Ben Newton: No, no. I think it makes a lot of sense because I'd agree with you. There is a tendency in our industry in general, and I don't think we're unique in this way, is that there's a tendency to just throw new words out and just be like well, if I use this new word, then suddenly I'm doing things differently, whereas not really getting at the core of it. And I know when I first heard the term coming from a science background, I'm like that doesn't sound right because when we would talk about that in physics, we meant a very specific thing. But I think the way you describe it makes a lot of sense because it also seems... There's a couple of other ways I've heard of describing it, is like it's a way of doing things that enables you to achieve these goals. It's not just about getting a bunch of data and throwing it against a wall and hoping something sticks. It's about hey, what are you actually trying to achieve? What's important? And that's something I've always admired, at least what I've understood about the Google culture. And they're not the only ones who are doing this, but this kind of focus on reliability and making that a top line goal, is like look, this is not just about data for data's sake. It's like we're trying to provide a highly reliable service that is going to make the company successful and make our customers successful. And that to me is a core of what observability is. And it sounds like you're kind of in that same camp there. It's not just about the data. It's about achieving your goals. I'm mean, does that make sense to you?

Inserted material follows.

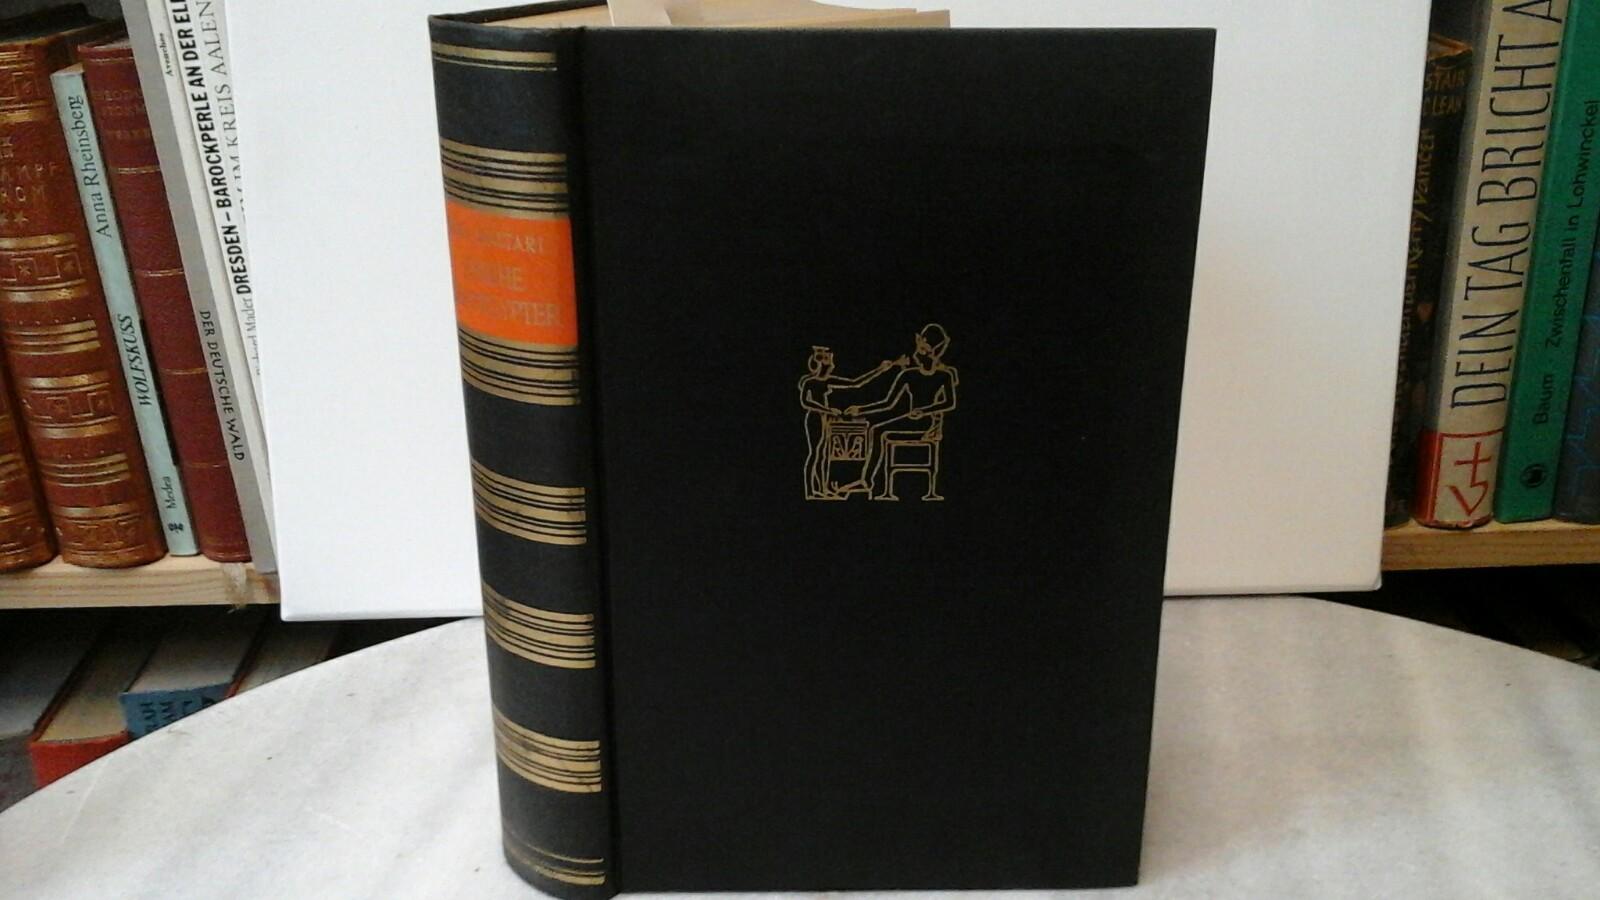 Sinuhe der Ägypter. Roman. Fünfzehn Bücher aus dem Leben des Arztes Sinuhe ungefähr 1390 bis 1335 vor Christi Geburt. Original-Ausgabe.

Ben Sigelman: That definitely makes sense in terms of the goals. I would say from a Google standpoint... I hope I'm not... Yeah, I've been gone for long enough I can say this kind of stuff, but I think the way they structured things, it did have a lot of benefits for reliability, but it's actually really problematic in that their SRE organization was completely parallel to the engineering product organization, which is to say from a reporting standpoint was totally parallel. And in as much as Google famously uses OKR... I still have a lot of PTSD about that. It's funny, actually, at LightStep, internally of course we have to manage our progresses well. And we've invented this thing that is basically exactly the same thing as OKRs at this point, but I just can't bear to call it that because I have so much PTSD around it. Anyway, the SRE organization had OKRs, as you would imagine, around reliability, which is totally appropriate, right?
Ben Newton: Right.
Ben Sigelman: It's like that makes sense. The development, product engineering organizations had OKRs around what you would expect, product uptake for ads, revenue, that sort of thing. And these things are fundamentally in tension, which is fine and nothing wrong with that. But it gets difficult... The most reliable thing you can do is never change your software, right?
Ben Newton: Right, right.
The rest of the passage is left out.